Setting the Client Character Set¶
You can specify the Oracle client character set used by cx_Oracle by passing
the encoding
and nencoding
parameters to the cx_Oracle.connect()
and cx_Oracle.SessionPool()
methods. For example:
import cx_Oracle
connection = cx_Oracle.connect(connectString, encoding="UTF-8",
nencoding="UTF-8")
The encoding
parameter affects character data such as VARCHAR2 and CLOB
columns. The nencoding
parameter affects “National Character” data such as
NVARCHAR2 and NCLOB. If you are not using national character types, then you
can omit nencoding
. Both the encoding
and nencoding
parameters are
expected to be one of the Python standard encodings such as
UTF-8
. Do not accidentally use UTF8
, which Oracle uses to specify the
older Unicode 3.0 Universal character set, CESU-8
. Note that Oracle does
not recognize all of the encodings that Python recognizes. You can see which
encodings Oracle supports by issuing this query:
select distinct utl_i18n.map_charset(value)
from v$nls_valid_values
where parameter = 'CHARACTERSET'
and utl_i18n.map_charset(value) is not null
order by 1
An alternative to setting the encoding parameters is to set Oracle’s
NLS_LANG
environment variable to a value such as
AMERICAN_AMERICA.AL32UTF8
. See Setting environment variables. As well as setting the character set, the NLS_LANG
environment
variable lets you specify the Language (AMERICAN
in this example) and
Territory (AMERICA
) used for NLS globalization.

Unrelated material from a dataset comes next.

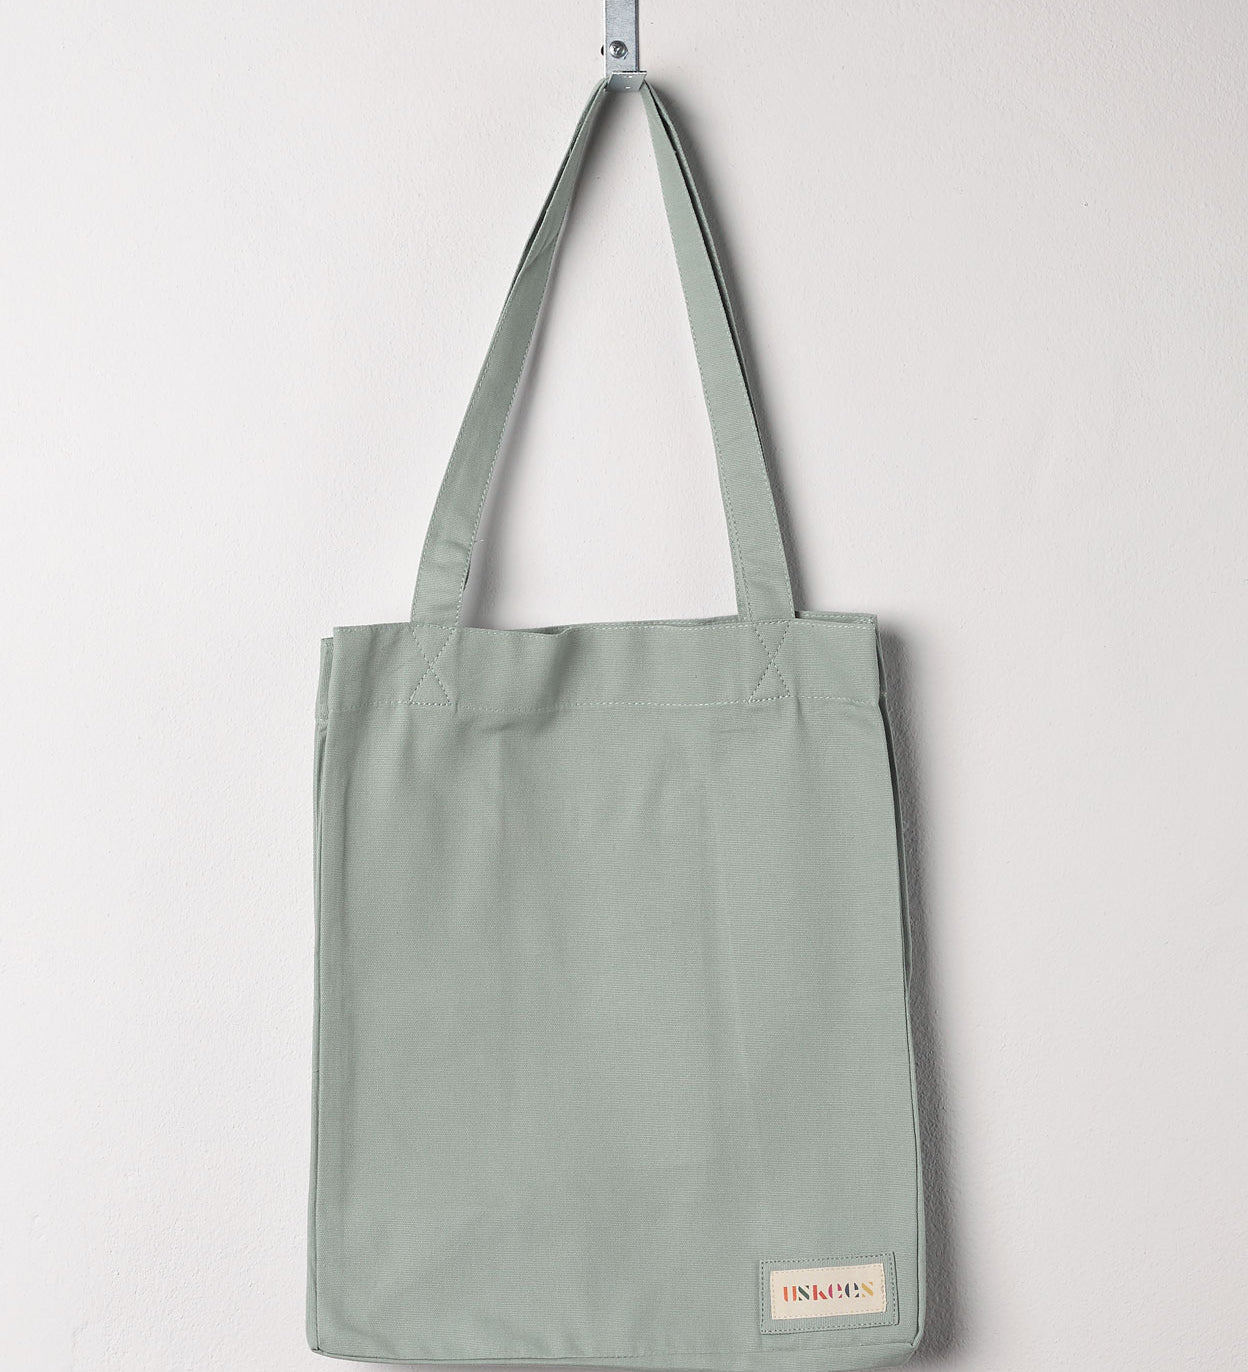 Full front hanging shot of Uskees #4002, small jade tote bag, showing double handles and Uskees woven logo.
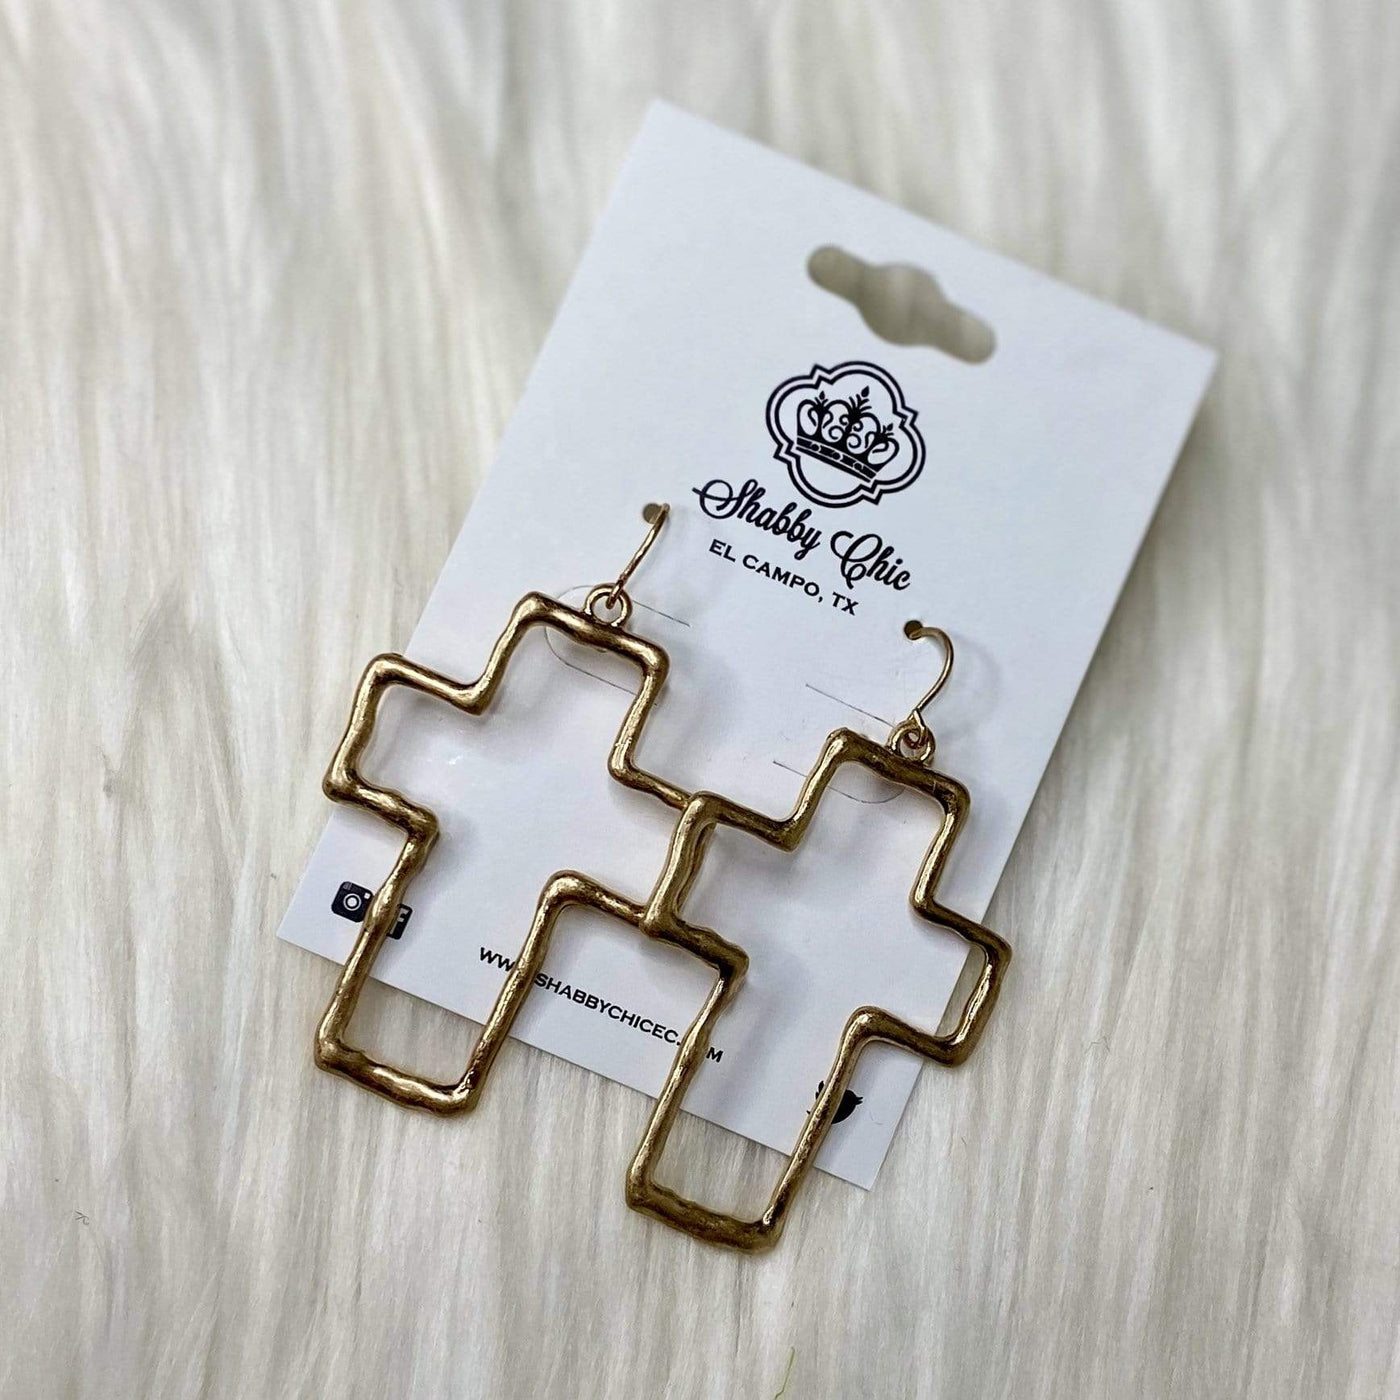 Open Cross earrings - Gold Shabby Chic Boutique and Tanning Salon

See
Choosing a Locale with the NLS_LANG Environment Variables.
A character set specified by an encoding
parameter will override the
character set in NLS_LANG
. The language and territory components will still
be used by Oracle.
If the NLS_LANG
environment variable is set in the application with
os.environ['NLS_LANG']
, it must be set before any connection pool is
created, or before any standalone connections are created.
If neither of the encoding parameters are specified and the NLS_LANG
environment variable is not set, the character set ASCII
is used.
Other Oracle globalization variable can also be set, see Setting NLS Parameters.
Character Set Example¶
The script below tries to display data containing a Euro symbol from the
database. The NLS_LANG
environment variable on the operating system is set
to AMERICAN_AMERICA.WE8ISO8859P1
:
connection = cx_Oracle.connect(userName, password, "dbhost.example.com/orclpdb1")
cursor = connection.cursor()
for row in cursor.execute("select * from nchar_test"):
print(row)
print(connection.encoding)
print(connection.nencoding)
Because the ‘€’ symbol is not supported by the WE8ISO8859P1
character set,
all ‘€’ characters are replaced by ‘¿’ in the cx_Oracle output:
('¿', 'test ', 'test', 'test ')
('¿', 'test ', '¿', 'test ')
('"nvarchar"', '/"nchar" ', 'varchardata', 'chardata ')
('°', 'Second ', 'Third', 'Fourth ')
ISO-8859-1
ISO-8859-1
When the encoding
parameter is set during connection:
connection = cx_Oracle.connect(userName, password, "dbhost.example.com/orclpdb1",
encoding="UTF-8", nencoding="UTF-8")
Then the output displays the Euro symbol as desired:
('€', 'test ', 'test', 'test ')
('€', 'test ', '€', 'test ')
('"nvarchar"', '/"nchar" ', 'varchardata', 'chardata ')
('°', 'Second ', 'Third', 'Fourth ')
UTF-8
UTF-8
Finding the Database and Client Character Set¶
To find the database character set, execute the query:
SELECT value AS db_charset
FROM nls_database_parameters
WHERE parameter = 'NLS_CHARACTERSET';
To find the database ‘national character set’ used for NCHAR and related types, execute the query:
SELECT value AS db_ncharset
FROM nls_database_parameters
WHERE parameter = 'NLS_NCHAR_CHARACTERSET';
To find the current “client” character set used by cx_Oracle, execute the query:
SELECT DISTINCT client_charset AS client_charset
FROM v$session_connect_info
WHERE sid = SYS_CONTEXT('USERENV', 'SID');
If these character sets do not match, characters will be mapped when transferred over Oracle Net. This may impact performance and may result in invalid data.